*** TASK DATA ***

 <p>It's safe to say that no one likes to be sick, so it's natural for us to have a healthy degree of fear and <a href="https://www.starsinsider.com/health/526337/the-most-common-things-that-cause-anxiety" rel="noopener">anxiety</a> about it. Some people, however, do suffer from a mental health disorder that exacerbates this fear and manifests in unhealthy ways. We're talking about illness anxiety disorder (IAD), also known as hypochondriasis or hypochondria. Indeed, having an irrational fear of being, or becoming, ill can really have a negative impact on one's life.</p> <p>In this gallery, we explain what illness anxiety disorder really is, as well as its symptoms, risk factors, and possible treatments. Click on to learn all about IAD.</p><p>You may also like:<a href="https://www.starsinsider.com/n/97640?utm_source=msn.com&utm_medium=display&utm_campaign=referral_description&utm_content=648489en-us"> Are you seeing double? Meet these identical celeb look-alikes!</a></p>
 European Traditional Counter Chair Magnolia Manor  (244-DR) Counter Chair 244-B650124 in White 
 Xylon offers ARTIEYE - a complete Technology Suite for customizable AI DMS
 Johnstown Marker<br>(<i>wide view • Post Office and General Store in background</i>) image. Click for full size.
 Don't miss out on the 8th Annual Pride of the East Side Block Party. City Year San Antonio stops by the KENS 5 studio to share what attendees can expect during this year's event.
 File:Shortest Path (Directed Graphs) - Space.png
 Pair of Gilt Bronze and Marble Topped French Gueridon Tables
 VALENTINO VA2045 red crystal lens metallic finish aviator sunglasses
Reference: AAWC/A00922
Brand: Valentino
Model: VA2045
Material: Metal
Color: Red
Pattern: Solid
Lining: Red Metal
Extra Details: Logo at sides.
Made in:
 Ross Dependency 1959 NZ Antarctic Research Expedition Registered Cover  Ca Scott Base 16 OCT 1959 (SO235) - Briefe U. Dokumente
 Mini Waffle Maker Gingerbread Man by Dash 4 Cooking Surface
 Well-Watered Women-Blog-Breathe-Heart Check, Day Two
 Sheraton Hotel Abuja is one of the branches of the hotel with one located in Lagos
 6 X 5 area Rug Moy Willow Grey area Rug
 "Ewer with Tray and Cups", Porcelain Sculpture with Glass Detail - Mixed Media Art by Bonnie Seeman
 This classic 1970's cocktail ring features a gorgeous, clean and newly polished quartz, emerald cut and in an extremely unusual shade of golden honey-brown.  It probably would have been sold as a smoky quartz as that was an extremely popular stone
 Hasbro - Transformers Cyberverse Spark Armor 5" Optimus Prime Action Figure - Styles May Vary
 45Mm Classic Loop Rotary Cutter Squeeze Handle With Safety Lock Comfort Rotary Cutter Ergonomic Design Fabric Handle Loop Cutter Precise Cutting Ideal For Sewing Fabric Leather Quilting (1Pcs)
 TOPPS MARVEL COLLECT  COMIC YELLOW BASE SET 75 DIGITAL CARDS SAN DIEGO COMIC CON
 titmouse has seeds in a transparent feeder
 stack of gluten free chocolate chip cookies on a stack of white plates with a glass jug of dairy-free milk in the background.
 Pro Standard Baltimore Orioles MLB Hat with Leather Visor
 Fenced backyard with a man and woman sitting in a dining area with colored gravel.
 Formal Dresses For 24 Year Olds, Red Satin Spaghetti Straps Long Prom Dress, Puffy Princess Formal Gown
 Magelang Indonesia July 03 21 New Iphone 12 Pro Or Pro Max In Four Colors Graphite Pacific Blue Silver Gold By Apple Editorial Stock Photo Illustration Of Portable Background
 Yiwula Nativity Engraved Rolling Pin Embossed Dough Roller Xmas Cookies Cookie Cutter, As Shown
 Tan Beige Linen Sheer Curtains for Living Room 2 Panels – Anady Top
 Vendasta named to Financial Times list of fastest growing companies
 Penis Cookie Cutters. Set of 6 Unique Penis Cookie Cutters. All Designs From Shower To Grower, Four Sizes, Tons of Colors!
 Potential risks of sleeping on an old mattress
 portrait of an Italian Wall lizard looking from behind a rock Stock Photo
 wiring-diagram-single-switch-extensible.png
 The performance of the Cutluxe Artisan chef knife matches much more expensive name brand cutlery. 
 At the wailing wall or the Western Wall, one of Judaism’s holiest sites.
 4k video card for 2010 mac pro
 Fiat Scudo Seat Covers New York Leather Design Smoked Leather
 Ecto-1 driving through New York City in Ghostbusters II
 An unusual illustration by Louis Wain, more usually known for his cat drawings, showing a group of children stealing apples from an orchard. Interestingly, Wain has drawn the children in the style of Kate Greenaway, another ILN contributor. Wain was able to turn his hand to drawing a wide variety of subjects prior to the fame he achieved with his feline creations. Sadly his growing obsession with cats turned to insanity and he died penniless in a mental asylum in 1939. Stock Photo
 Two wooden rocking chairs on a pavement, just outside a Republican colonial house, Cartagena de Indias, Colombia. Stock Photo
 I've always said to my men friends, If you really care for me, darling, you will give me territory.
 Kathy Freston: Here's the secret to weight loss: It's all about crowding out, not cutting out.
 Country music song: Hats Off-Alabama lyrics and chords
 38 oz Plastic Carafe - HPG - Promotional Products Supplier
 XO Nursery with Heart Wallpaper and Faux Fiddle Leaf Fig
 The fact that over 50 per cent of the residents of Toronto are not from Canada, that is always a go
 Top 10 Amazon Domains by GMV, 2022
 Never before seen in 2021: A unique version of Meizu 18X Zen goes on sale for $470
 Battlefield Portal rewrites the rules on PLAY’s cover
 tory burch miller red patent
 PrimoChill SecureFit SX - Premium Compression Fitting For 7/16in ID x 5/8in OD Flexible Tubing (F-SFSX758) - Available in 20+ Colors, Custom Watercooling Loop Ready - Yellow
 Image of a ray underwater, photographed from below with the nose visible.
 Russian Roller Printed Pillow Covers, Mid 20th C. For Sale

***

EXERCISE AIM =>
How many of the lines above hold the word "City"? State that number and nothing else.

EXERCISE ANSWER =>
2